The Current and Future Path of R-Star
Evans: It's a great question, and my task for that small conference was much more modest, which is, tell us a little bit about how people are thinking about R-star. One thing that I did was just to collect different estimates from Laubach-Williams, Laubach-Williams-Holston, [inaudible], and you get a range anywhere from like half a percent to 2, 2.2%. There's a lot of variability in some of these. The time-varying parameter VAR measure from the Richmond Fed is going to vary a little bit more, perhaps. Then, you can look at what markets are pricing out the yield curve five to 10 years on the real rate that should be providing information on that. There's a lot of uncertainty, so I also thought it was interesting, coincidentally, that the current funds rate target is about, on the low end, it's five and a quarter. I remembered that, in 2006, when the peak of the funds rate… it was at five and a quarter. And the question is like, how do you know that five and a quarter is restrictive?
Evans: It's the same idea, is there an underlying real rate which tells me, yes, this is substantial enough to restrict the trajectory of the economy and bring inflation down as the FOMC in 2006 was wanting to do. But, you have to think about your outlook, your forecast. And so at that time, there was an early version of an R-star, which the board staff had produced, which is like a setting of the funds rate, which if maintained for three years, would close the output gap. That's basically that idea. It indicated that five and a quarter looked like it was restrictive. I also went back to May of 2000, where they did not have an R-star measure because of different analysis and things like that evolved over time. Again, do they see inflation coming down or not?
Evans: They actually saw inflation perhaps still going up with some uncertainty, but they, in May of 2000, ended up with six and a half percent on the funds rate, and they didn't increase the funds rate after that. And so It's just always hard to know if the rate that you're at now is sufficiently at peak so that it can bring down inflation. In the current environment, that's the nature of the question. Then it's like, most recessions come about because there's some shock that you never anticipated, right? So it could be the time where you have tight monetary policy, and boom, then something happens. So in 1990, '91, monetary policy was coming down, but still had been restrictive, and then the Iraq invasion, the first time, and consumers stopped spending. You had a shock that led to that. It ends up being quite a complicated calculation. You're undoubtedly going to be wrong if only because the nature of the exercise is, this is the setting that should achieve the appropriate landing if nothing else happens afterwards, and then something always happens afterwards. That's the nature of the complaints.

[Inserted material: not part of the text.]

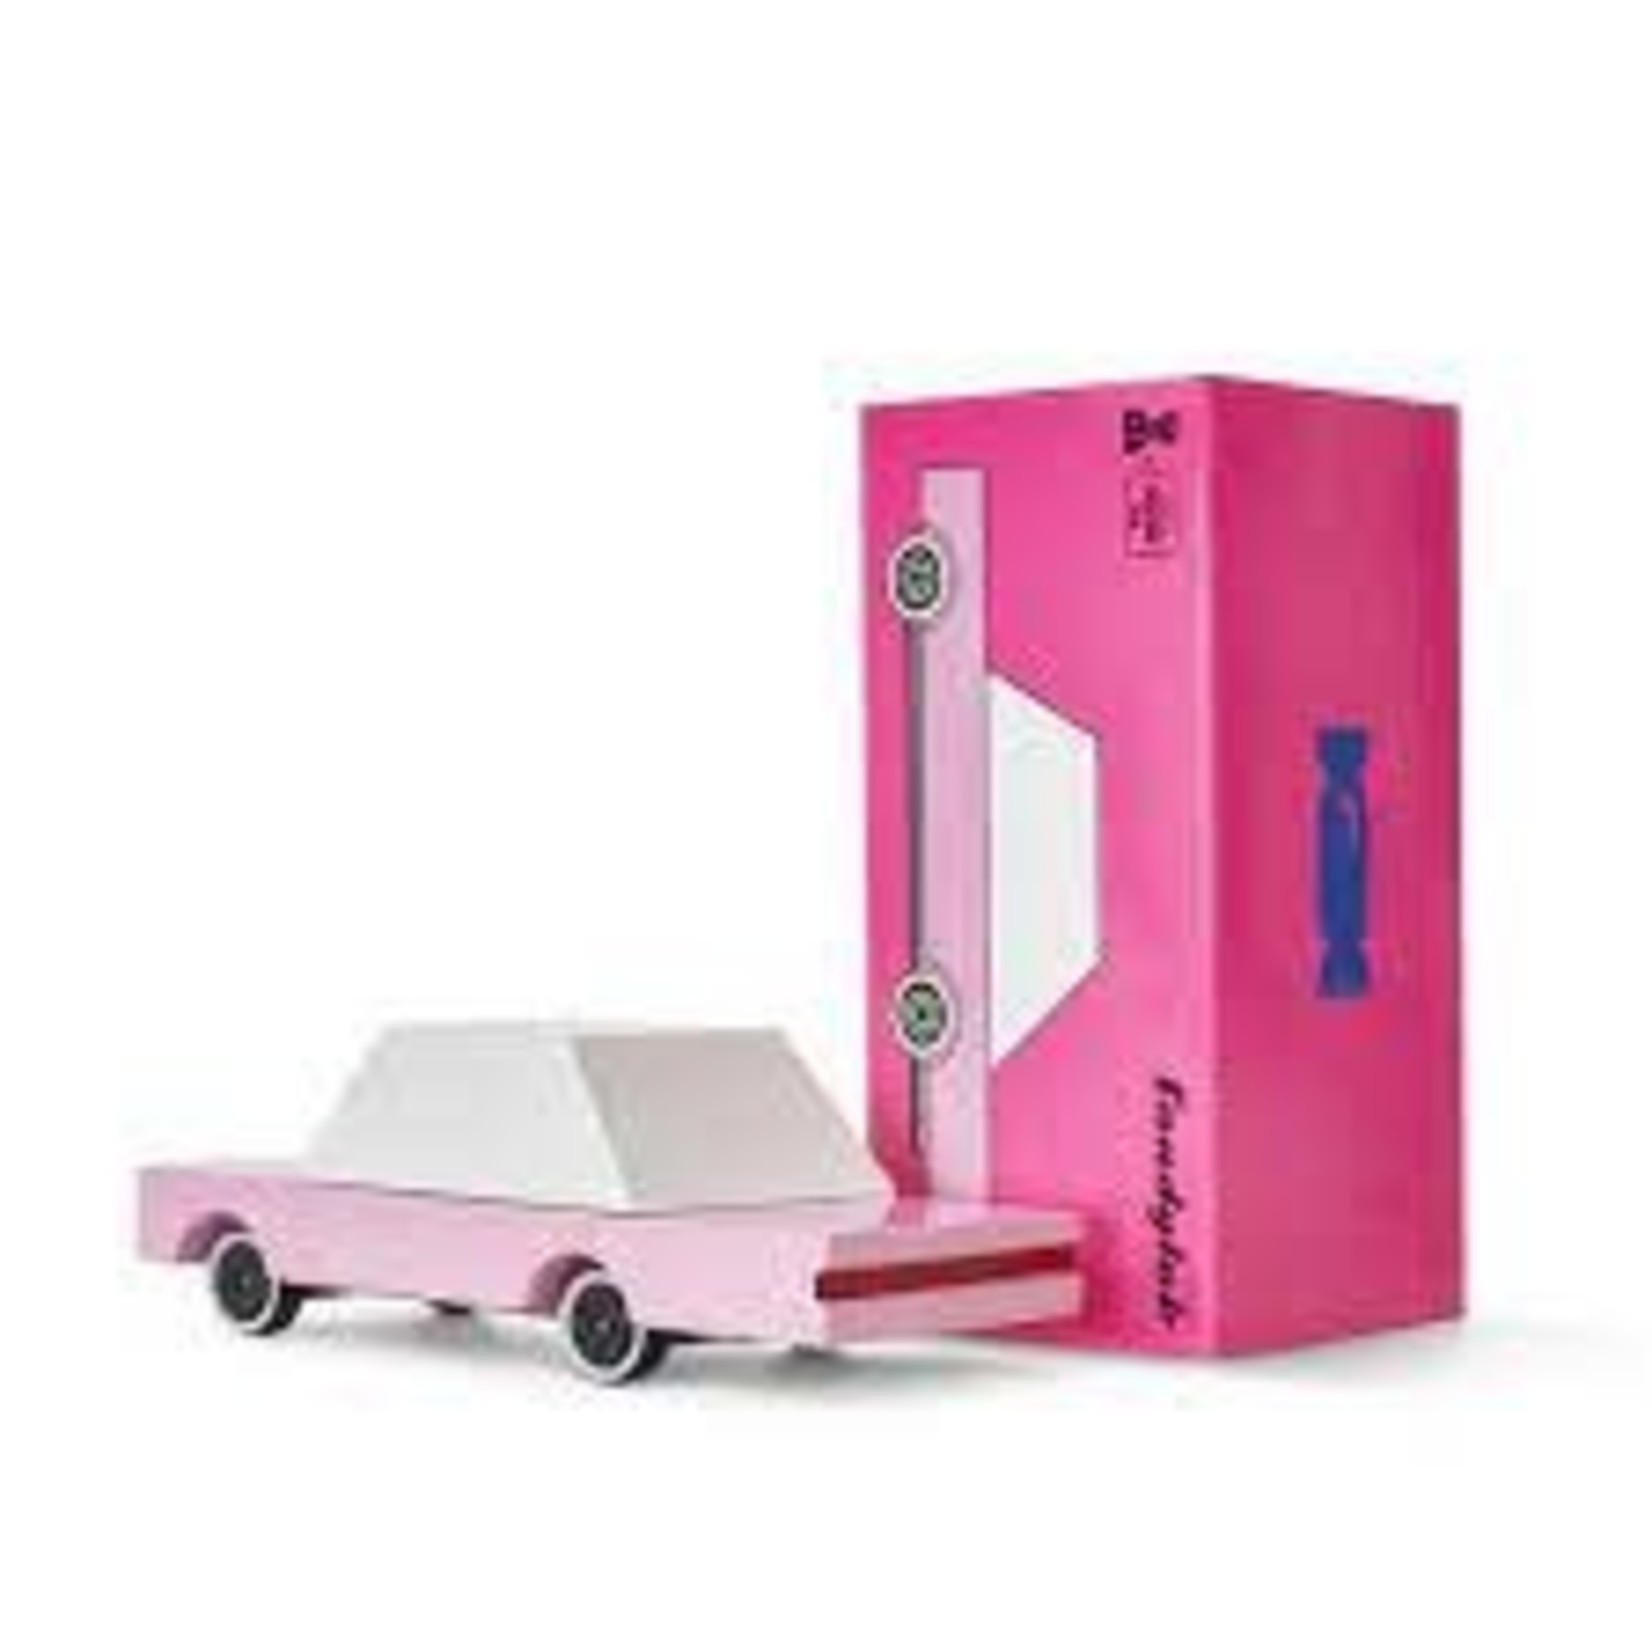 Candylab Toys Pink Candycar

Beckworth: I guess, for me, the interesting part of this conversation is to think what will happen in the future since we really don't know where R-star is headed. Everything from the stance of policy, to how much debt is sustainable for the U.S. government, these all hinge on this idea. Going back and looking at where R-star had been, and it fell relatively sharply in 2008. It was a sudden fall to its low level. You mentioned the Laubach-Williams-Holston measure, it's still relatively stable, even going through the pandemic. But alternative measures show it jumping up high, so there's been this jarring drop in 2008 and then a sudden jarring spike, according to some measures today. That just seems very destabilizing or just very sudden.
Evans: Right. There's definitely a lot of uncertainty there. The nature of those calculations varies from one analysis to another as to whether or not it depends more on where inflation is going and closing that gap, or whether or not it's the output gap that's being closed and the nature of what structural output is. I think the question is, where is a neutral setting of the funds rate in the real economy? Where real interest rates are going to head over the next many years is important and very difficult. One fundamental I keep coming back to is that, the estimate of trend growth in the US is much lower now than it used to be, certainly in the 80s, right? Most estimates of trend growth in the U.S., for GDP, is on the order of one and three-quarters percent.

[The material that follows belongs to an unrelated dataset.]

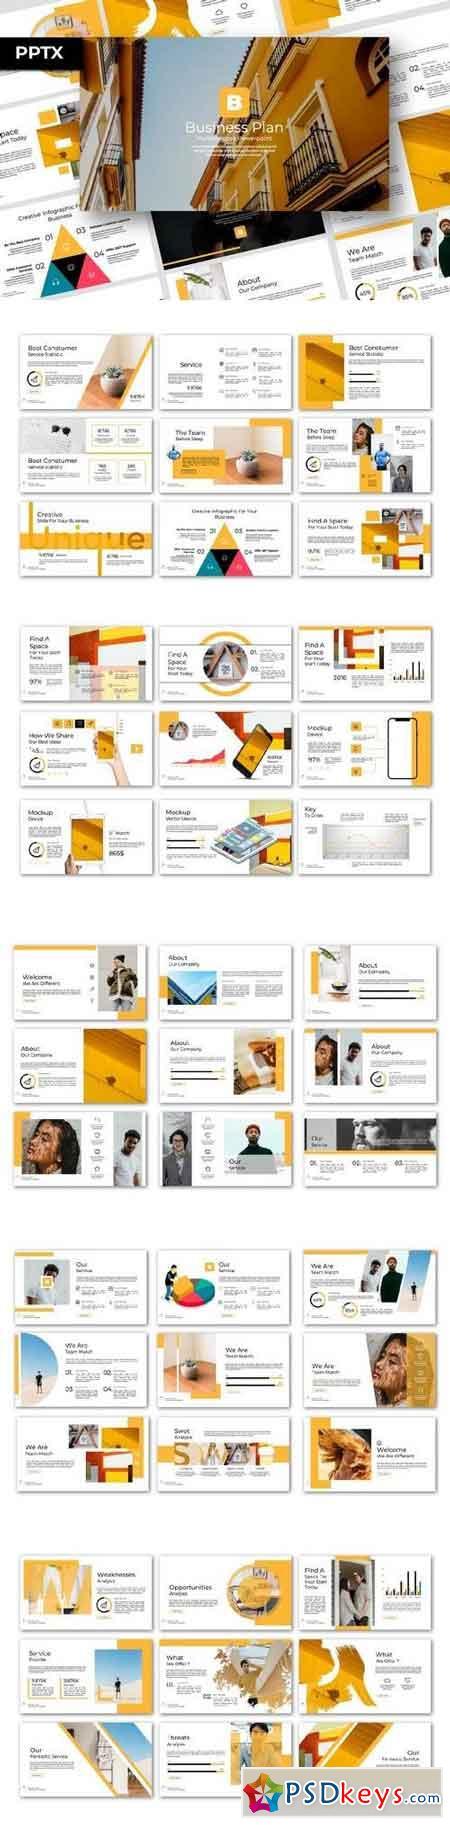 Business Plan - Powerpoint, Keynote, Google Sliders Templates

Evans: In the 80s, we enjoyed about three and a quarter percent growth when the economy was expanding. Growth is something that smooths out a lot of difficulties in terms of debt and things like that. In the 80s, it's interesting to go back to that, because that was the productivity slowdown. Growth was strong because the labor force was expanding, baby boomers were coming into the workforce, and women as well. Now, you look at this, and we've got the aging of the population, we've got labor force issues, and we have restrictive immigration policies as well, which is another way to sort of help out with the aging of the population, if you were to do that.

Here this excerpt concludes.